Sunday, February 28, 2010

WHO IS RESPONSIBLE FOR YOUR LIFE AND HAPPINESS

FEAR; IT’S NOTHING TO BE AFRAID OF
WHO IS RESPONSIBLE FOR YOUR LIFE AND HAPPINESS?
© Chessie Roberts 2010, all rights reserved


Who do you see as responsible for your life and happiness? Your partner? Your children? Perhaps it is your job or boss. Maybe you feel it’s where you live or what you drive. If you said yes to any of these things you should rethink who is in charge. It should be YOU.

Here is the kicker, if you aren’t happy, you are unhappy by your choice? WHAT?? You say my choice?? But I can’t help being _____ fill in the blank. But you can; you can choose to look for another way. Your choice of how you react to the ‘stuff’ going on around you puts you in either the victim role or the power role.

The victim role keeps you paralyzed and feeling that there is no way out. This in turn makes your pain, despair and fear worse. They feed off of each other to make you afraid to move. You are suffering over your own suffering.

First ask yourself “What am I getting out of staying in this situation?” Most of the time you stay because that situation is ‘the demon that you know’ and you are more comfortable not facing your unknown. But, I tell you that the anticipation of the unknown is worse than the thing itself.

When you take responsibility for your choices, I don’t mean to beat yourself up with the blame stick, I mean doing the best you can and owning your choices.

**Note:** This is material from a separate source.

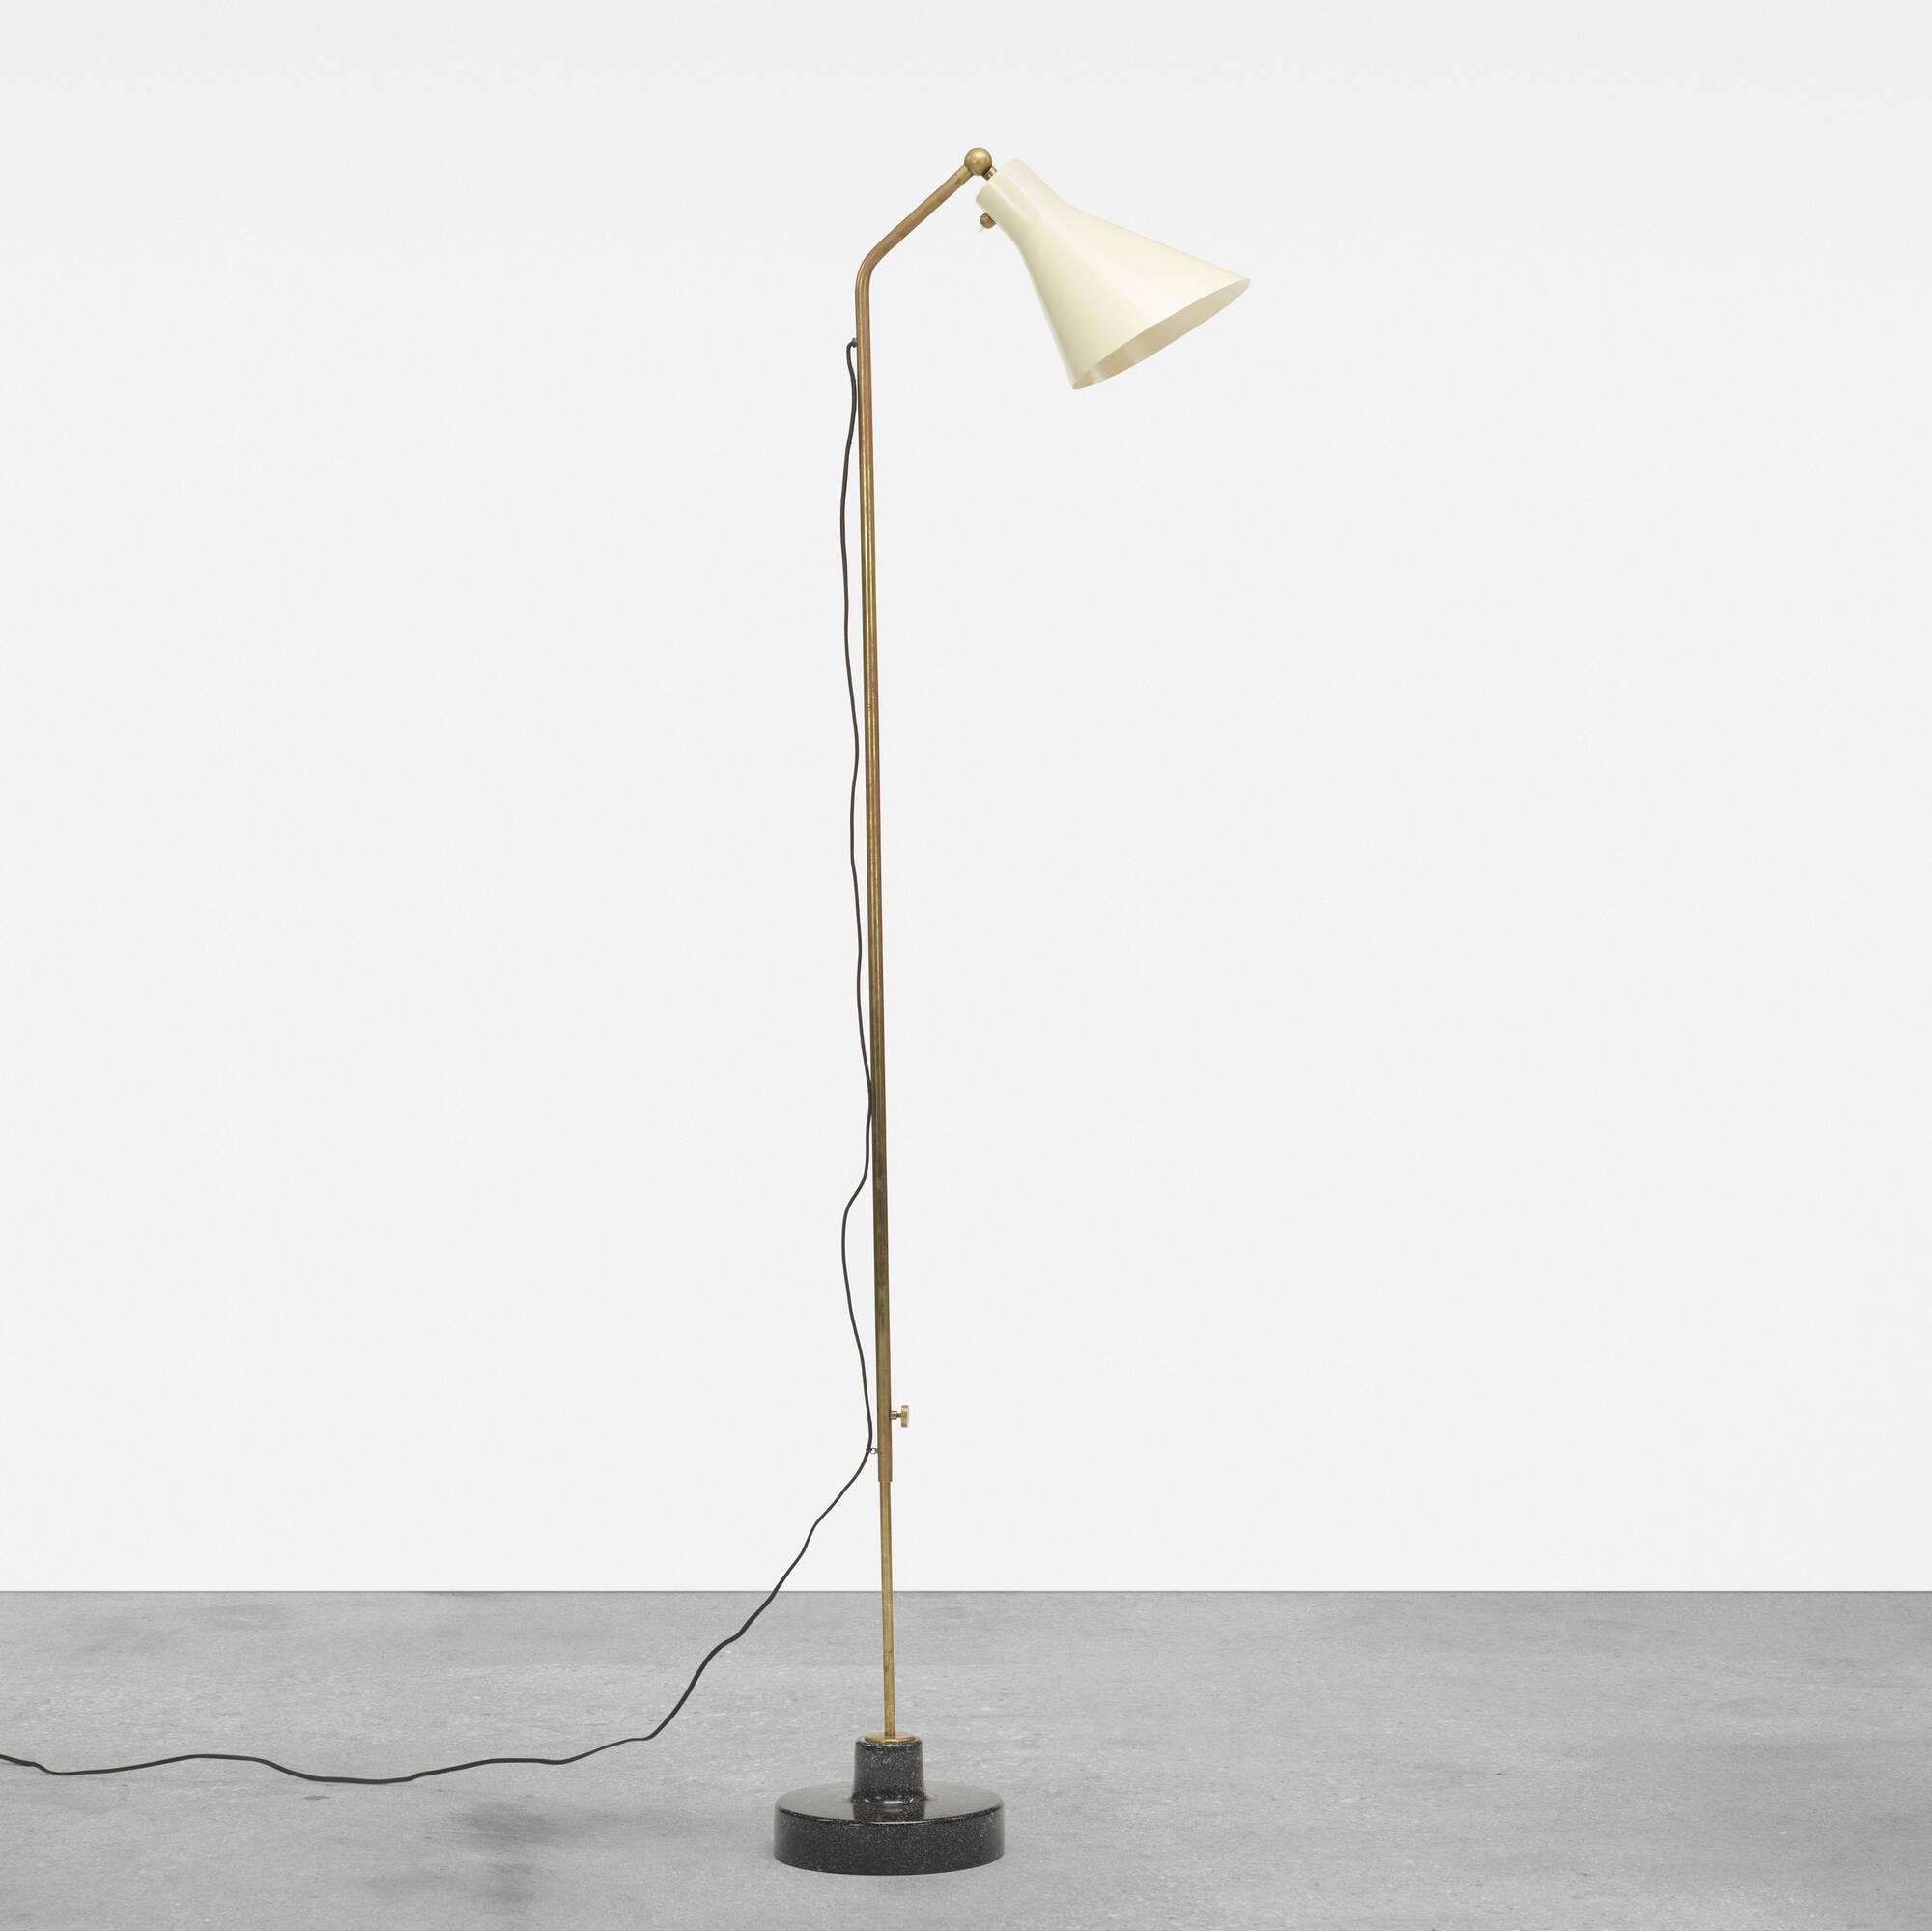 222: Ignazio Gardella / Lte 3 adjustable floor lamp (1 of 2)

I mean becoming aware of what you are not taking responsibility for so you can change your behavior to a more positive direction. I means looking for and taking advantage of the opportunities that you can find that will make your situation better; more of what you really want and not tolerating what you aren’t happy with. That is where you take your power back and make the fear diminish.

Try stepping out into your unknown, trusting that you will find firm footing or you will be taught to fly. Find out how amazing your life becomes when you stop expecting someone else to handle your ‘stuff’.

Until next week, Bright Blessings
Chessie

Sunday, February 21, 2010

FEAR; IT IS NOTHING TO BE AFRAID OF Part 3, Where is Your Comfort Zone?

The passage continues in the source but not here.